The Israeli ‘investigation’ apparently consisted of an aerial photograph which Israeli sources say shows that the hole in the sand does not match the size of an Israeli artillery shell (155mm). But Ghalya and other eyewitnesses say that the ‘hole in the sand’ was probably shifted or covered by either emergency crews, or the dozens of people running for cover, and was not an accurate measure of the size of the shell (or shells) that hit the beach.
Israeli human rights groups, meanwhile, condemned the ongoing attacks on Palestinian civilians, including both Friday’s attack and two ‘extra-judicial assassinations by missile’ carried out by Israel Tuesday that resulted in 11 dead, 8 of them civilians — two of whom were infants.
The groups B’Tselem, ACRI, PCATI, HaMoked and PHR-Israel) state that "the killing of a family at the Gaza seashore on Friday (a father, mother and five children), apparently by a shell fired by Israeli soldiers, is a terrible addition to an already horrifying statistic: according to B’Tselem data, since the onset of the second Intifada, 3,431 Palestinians in the Occupied Territories have been killed by Israeli security forces. Of those, 698 were minors under the age of 18 years. At lease 1,645 of those killed were in no way taking part in the fighting at the time they were killed (and an additional 244 people were the targets of targeted killings). These dismal figures result directly from a series of Israeli policies, including illegal expansion of Israel’s open-fire regulations, deliberate vagueness and double messages regarding the use of force, violation of the principle of proportionality and the failure to conduct independent investigations into civilian deaths."

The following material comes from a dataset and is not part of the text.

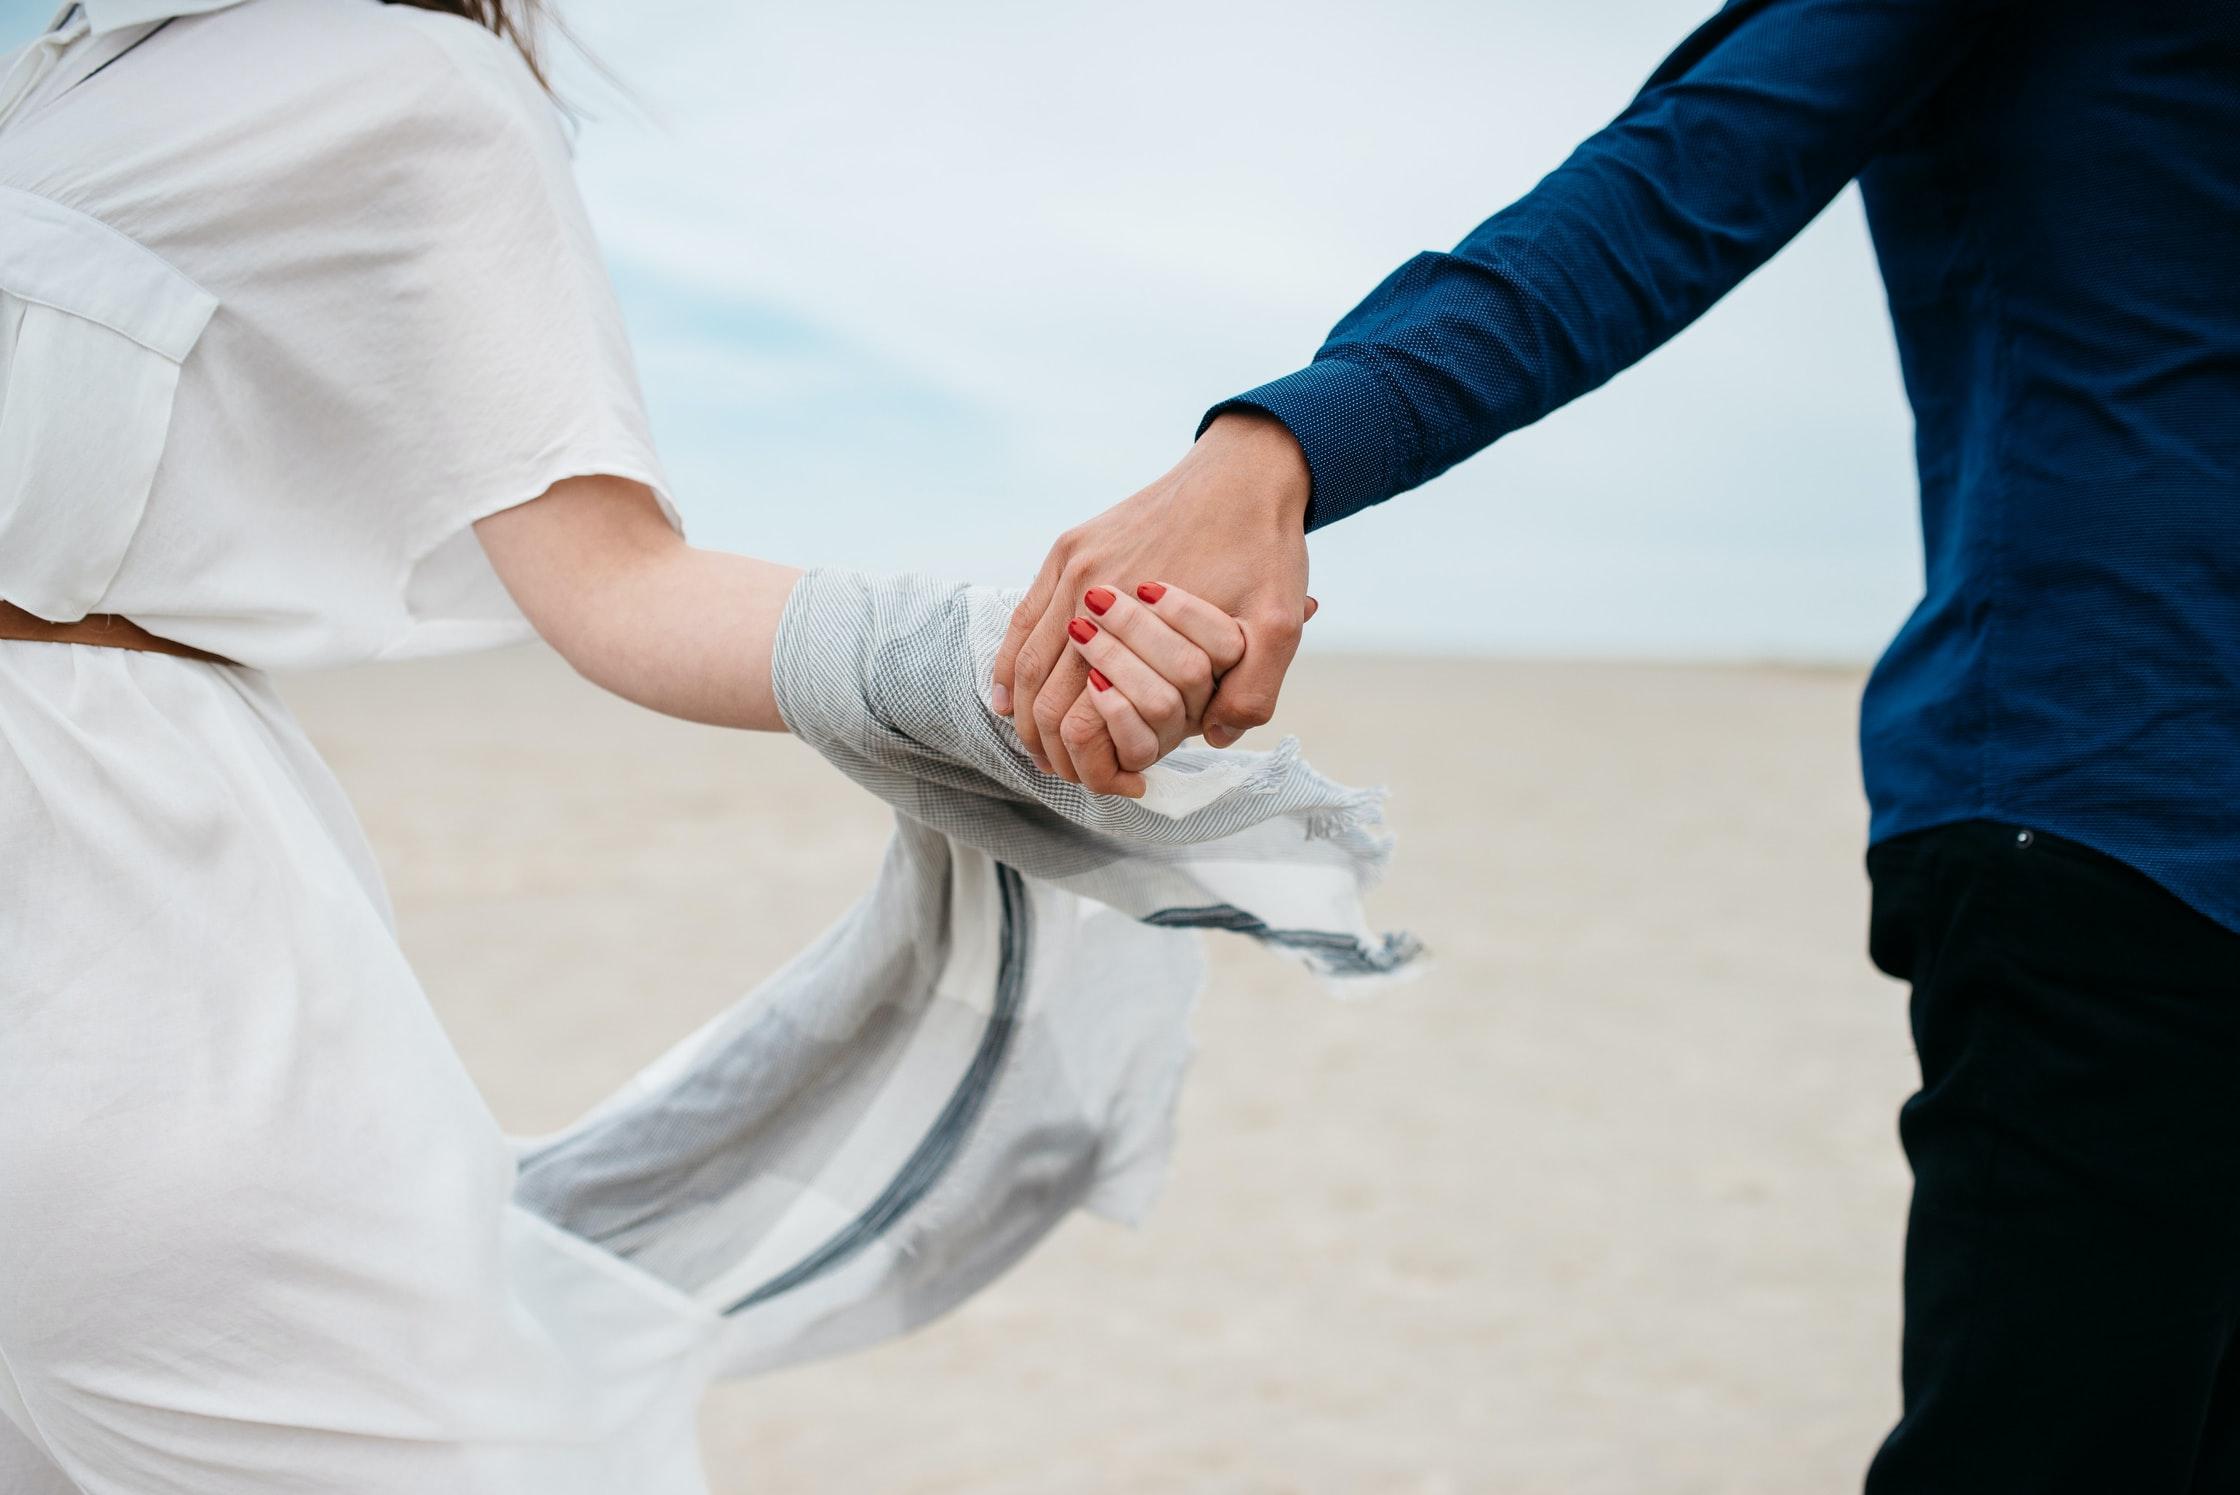 АРИТ запускает онлайн-курс «Азбука отношений»

The organizations add that "it is indeed Israel’s obligation to take all legitimate steps at its disposal to defend the lives and security of its citizens from attacks by Palestinian organizations. These attacks by Palestinian groups, which deliberately target civilians, constitute a war crime for which there can be no justification. However, it is unconscionable that a sovereign state should use illegal means, some of which reach the level of war crimes. The organizations reiterate that one of Israel’s central obligations under international humanitarian law is to minimize the impact of military action on the civilian population, and to ensure the life and security of Palestinian civilians, also during armed conflict."
Israeli forces have fired over 6500 shells into the Gaza Strip, the most crowded place on earth, over the last month, killing at least 74 Palestinians, and injuring 292, some of them seriously. Human rights groups estimate that 80% of Palestinian casualties are civilians.